Elizabeth Armstrong Moore
2 min read
Content intelligence searches entire sentences, not just key words, for meaning. NetBase

It all started with Content Intelligence--focusing on understanding the actual meanings of sentences independent of grammar, lexicon, etc., and creating structured semantic indexes from massive volumes of content to power search experiences.

It wasn't until after the Mountain View, Calif.-based NetBase Solutions developed its content intelligence platform that the company decided to test it out in the world of medicine. Their just-unveiled HealthBase is to medicine what Kayak.com is to travel--the mother search engine of not just content, but other search engines.

Culling through 10 million health articles and sorting search results on two types of data, "conditions" and "treatments," into manageable subsets, HealthBase includes "causes of," "treatments for," "complications of," and "pros and cons of treatment." Content sources are also provided and ranked. And Jens Tellefsen vice president of marketing and product strategy, said it might include user collaboration akin to Digg's voting articles up or down in the near future.

The search engine has some kinks to work out--when I tried to research garlic, HealthBase treated it not merely as a treatment but also as a complication, showing "causes of garlic" and "treatments for garlic."

HealthBase seems to have a few kinks to work out, like treating the search term garlic as a condition instead of treatment. Screenshot by Elizabeth Armstrong Moore/CNET

But Tellefsen acknowledged by telephone Tuesday that I am not, as a layperson, the target market:

"We see a lot of applications, but this is really a showcase of what is possible to do with our technology. We picked health because it is such an incredible information-overload space; 8 million people per day use the Internet to search on health information. It's something that is very important for people.... But our end customers today are really health publishers and portal providers we'd like to provide information to."

NetBase already boasts several Fortune 500 clients, not to mention the federal government.

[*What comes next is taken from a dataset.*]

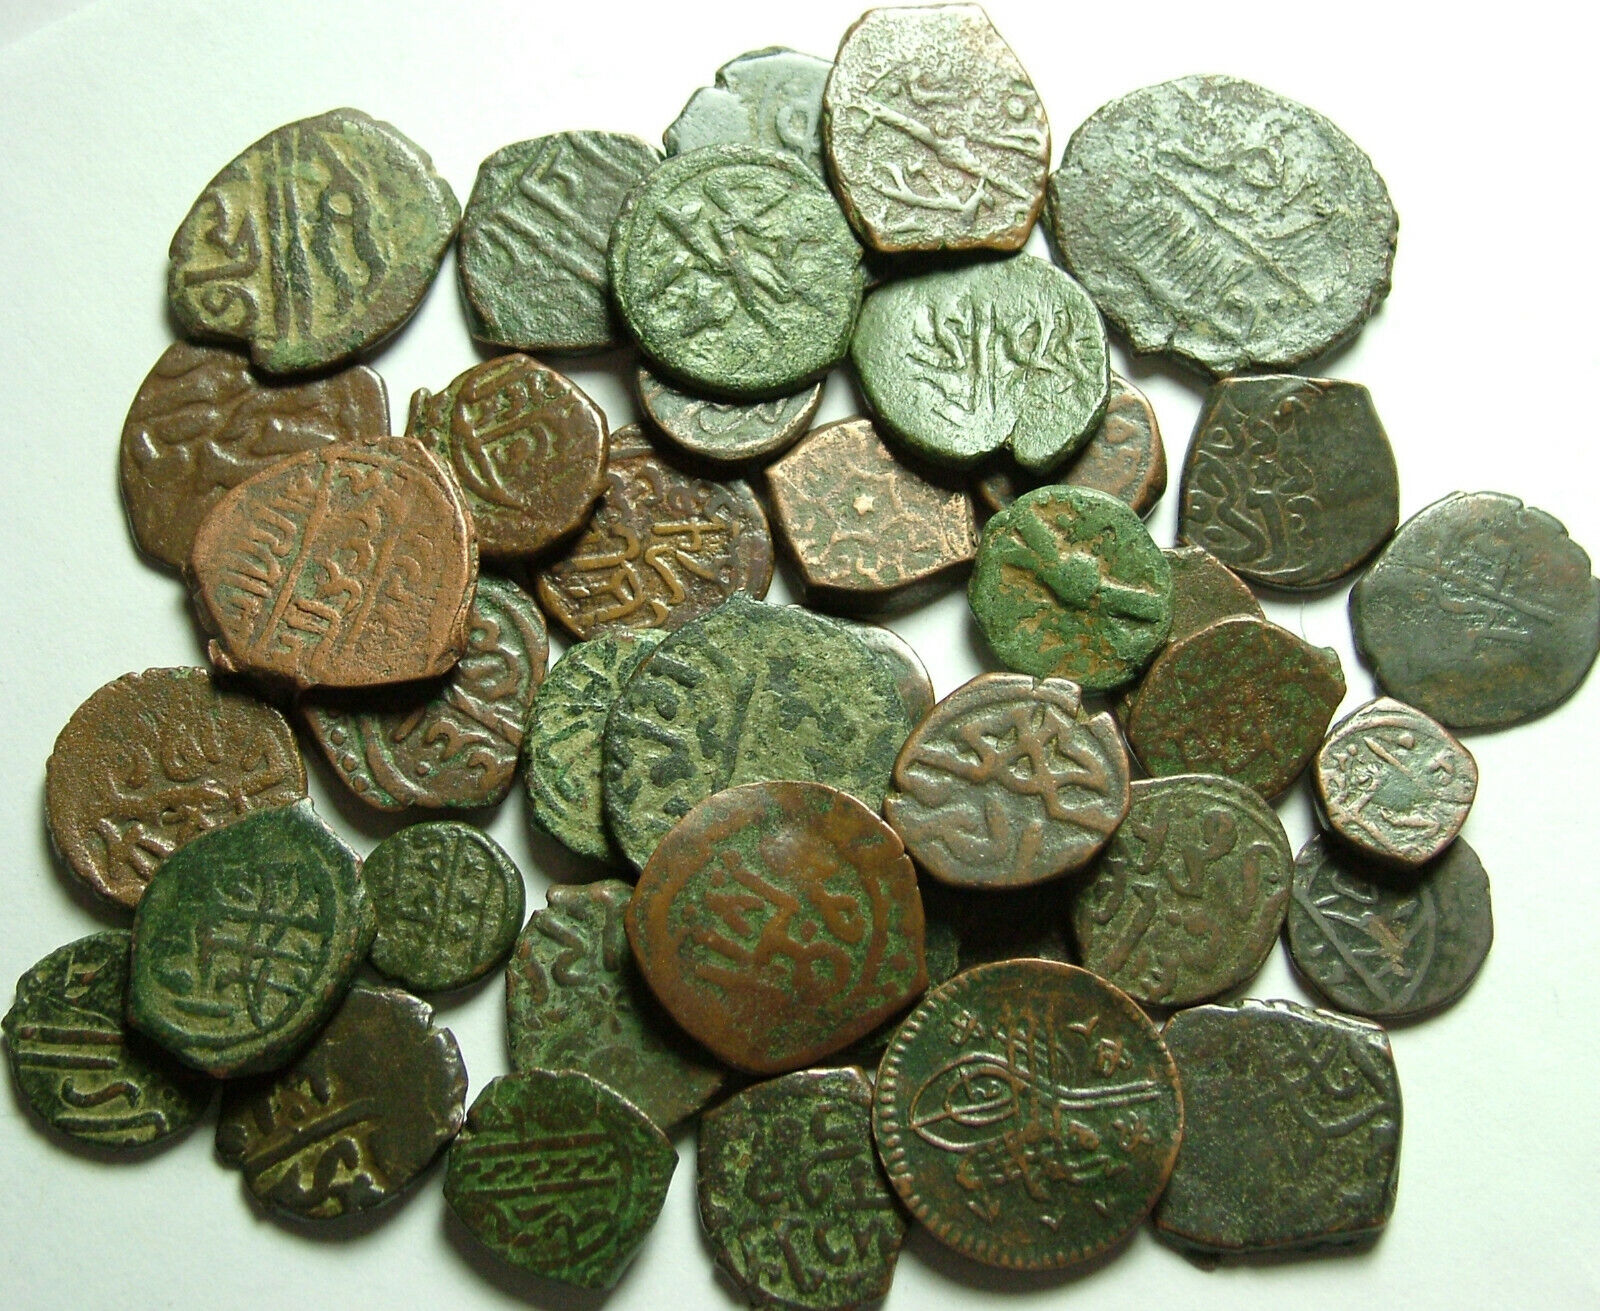 Lot 3 Rare original Islamic copper Bronze Mangir coins/Arabic/Ottoman Empire 15c Без бренда - фотография #4

Having built HealthBase in just two weeks (which is somewhat self-evident), and with plans to quadruple the amount of information it mines, I see tremendous potential here. It already has an edge on Google, although for how long remains to be seen.

Meanwhile, anyone looking for additional information after a doctor's visit, or perhaps in lieu of one (who really wants to see the doc about erectile dysfunction, as Tellefsen points out), HealthBase is your oyster--a search term, by the way, that is neither a condition nor a treatment, at least as of yet.